I’m sure you’ve seen the news about Chinese infiltration at the New York Times:
According to the article:
Over the course of three months, attackers installed 45 pieces of custom malware. The Times — which uses antivirus products made by Symantec — found only one instance in which Symantec identified an attacker’s software as malicious and quarantined it, according to Mandiant.
Signature-based protection alone hasn’t been enough to protect endpoints for years – see this post titled “Is antivirus obsolete?”. That’s why Gartner dropped its antivirus magic quadrant in 2006.
Further, like other advanced attacks, application control (also referred to as whitelisting) solutions likely would have stopped this attack in its tracks – see this post from 2010.
Unfortunately, application control has a historical reputation of not being deployable or manageable for end-user systems. The reality is that application control can and will be successfully deployed for end user systems and provides excellent protection from these types of attacks. I just published a research note for Gartner clients on this topic titled “How to Successfully Deploy Application Control” that provides specific guidance on adopting this approach.

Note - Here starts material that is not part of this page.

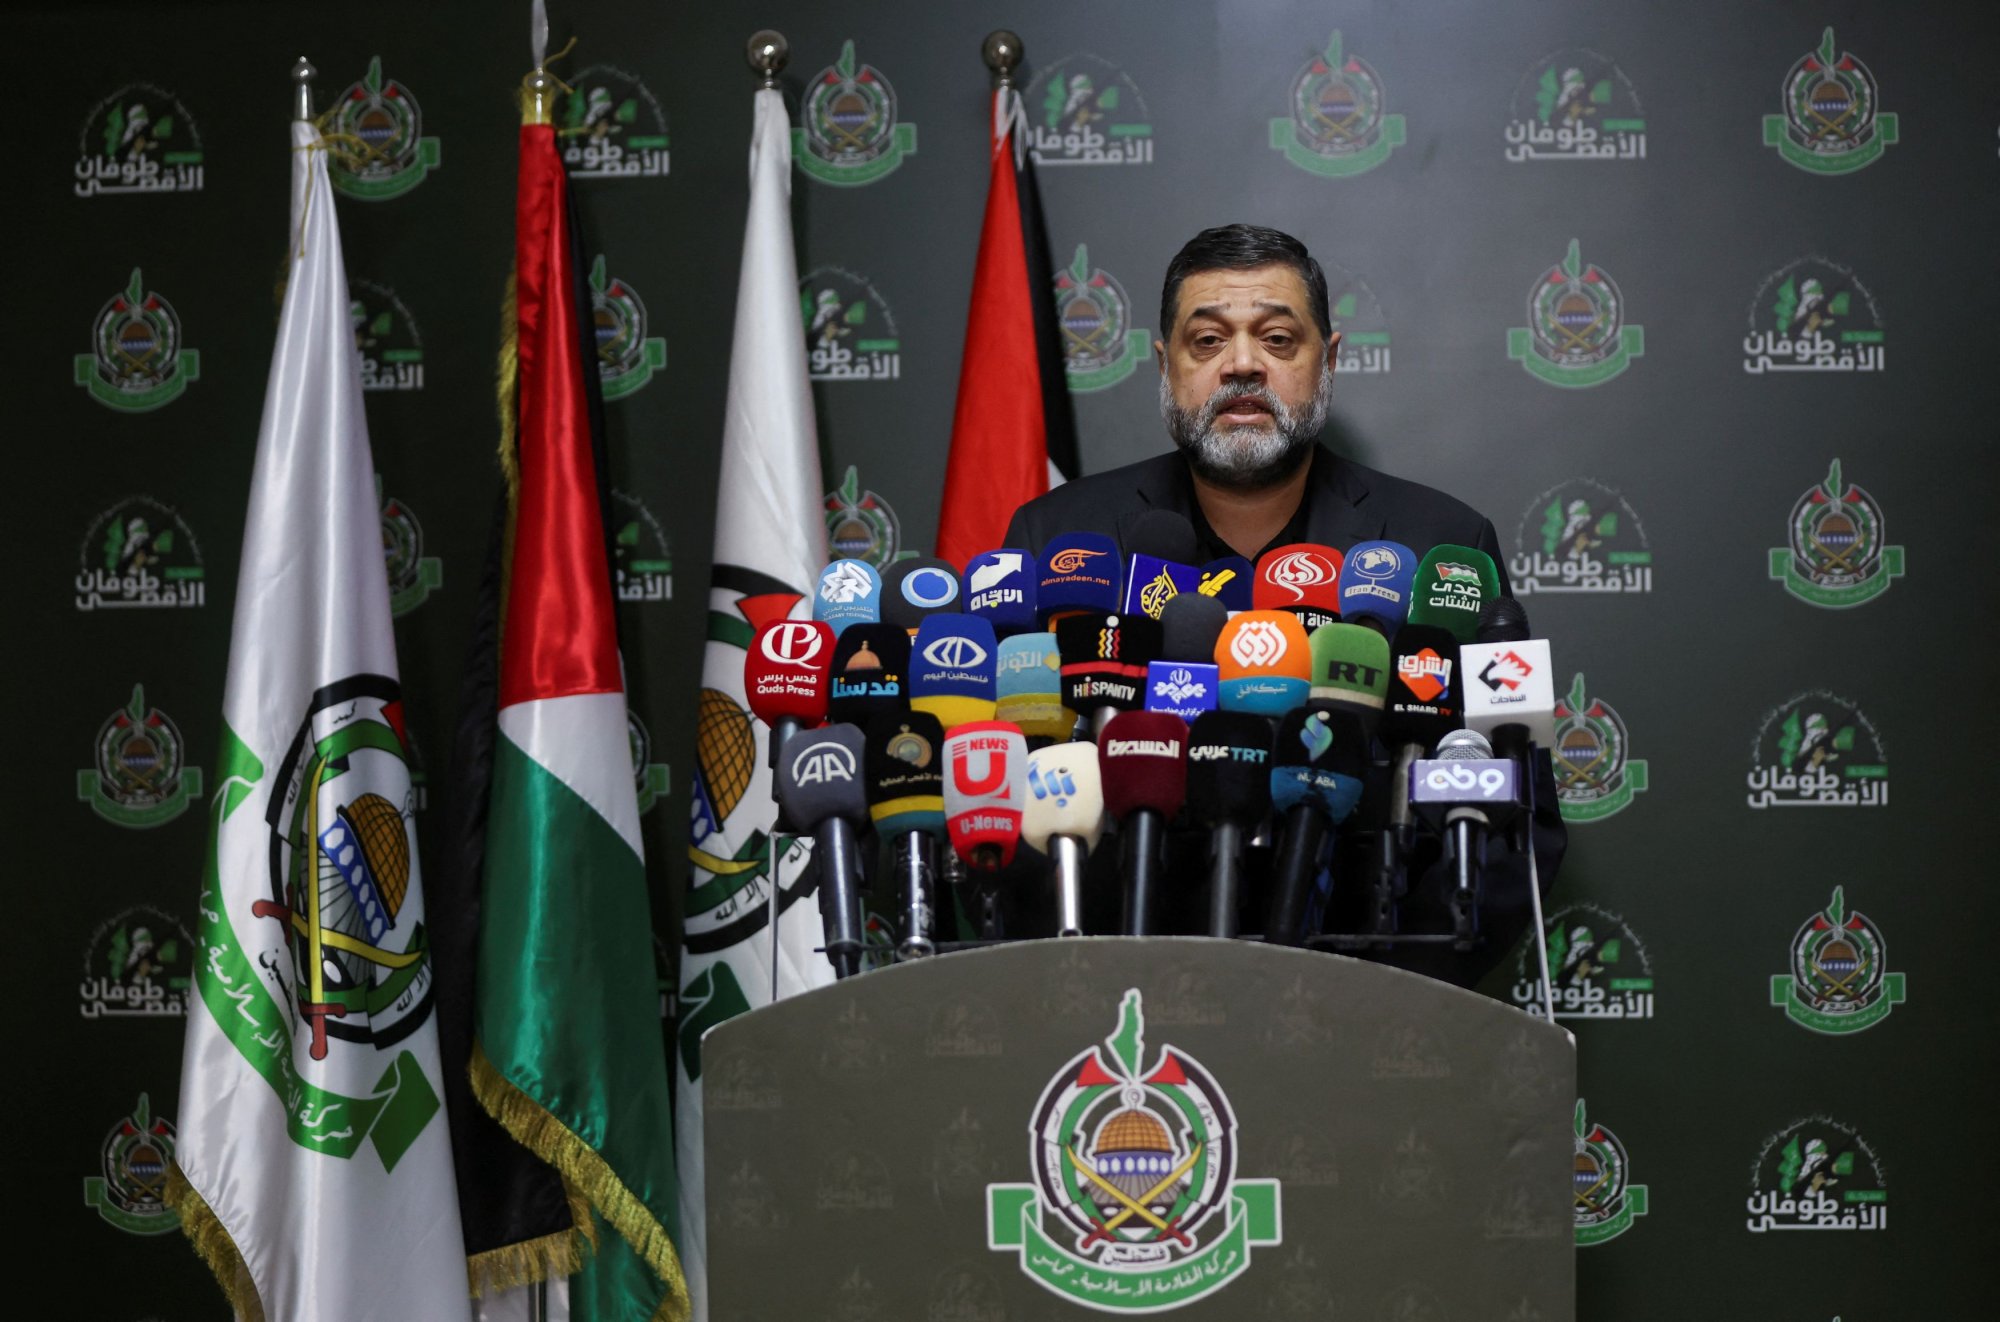 Χαμάς: Καμία πρόοδος στις συνομιλίες - Κατηγορεί το Ισραήλ για αδιαλλαξία
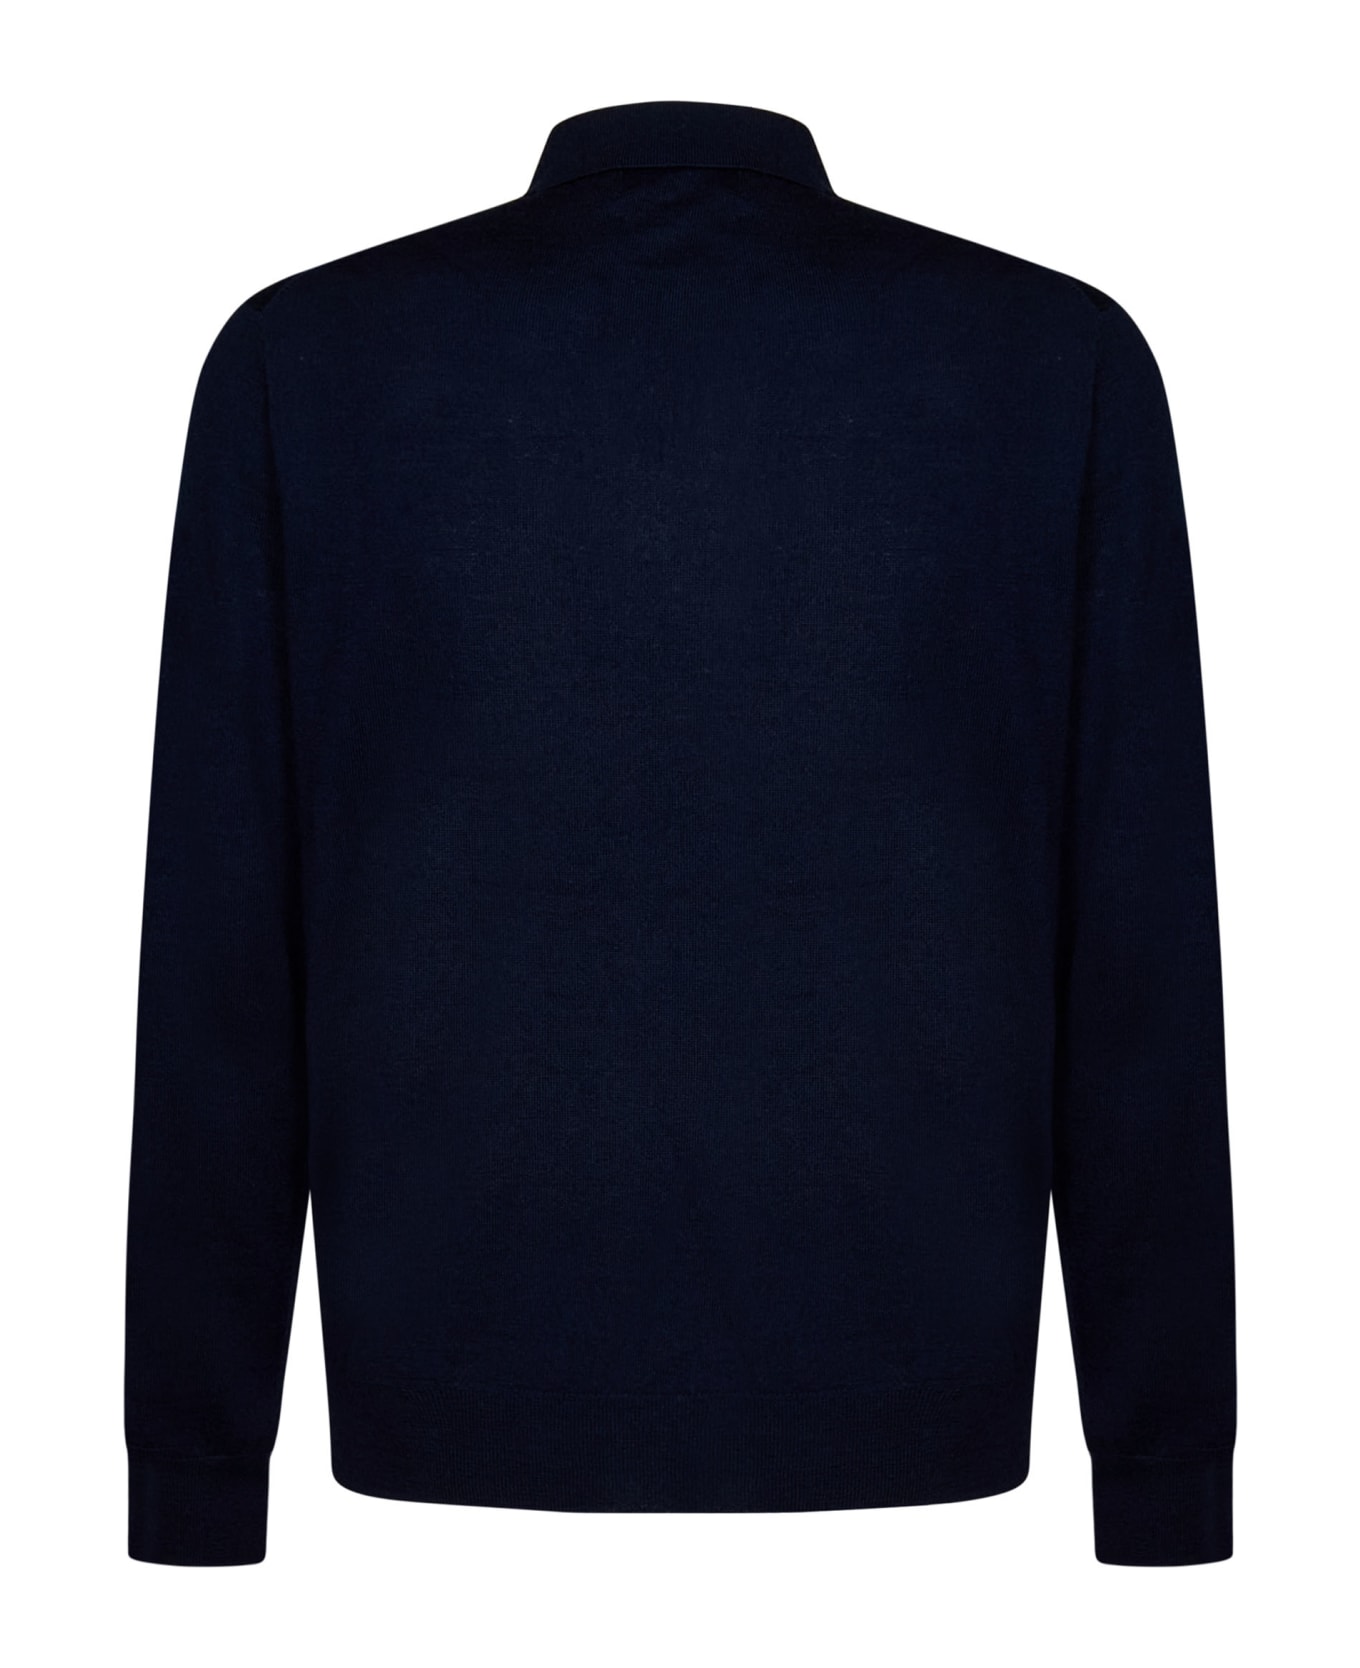 Ralph Lauren Sweater - NAVY ニットウェア

Why aren’t you deploying this type of approach, at least for some segments of your user population?
Category: Beyond Anti-Virus Endpoint Protection Platform Tags: APTs, Best Practices, Beyond Anti-Virus, Defense-in-Depth, Endpoint Protection Platform, Lockdown, Whitelisting

Neil MacDonald




































































































1 response so far ↓
1 tearline February 1, 2013 at 2:28 pm
I don’t like AVs, but in the end against APT your only defense is someone in the inside that can look for those subtle signs that something wrong is going on. All the equipment and IPS, IDS, HIPS wont do a thing since the attacker has all the time in the world to craft his tools to evade all those defenses or at least to fly very very low.
I think everyone knows that AVs are not the solution for APT, AV vendors should just admit that and we can all move on..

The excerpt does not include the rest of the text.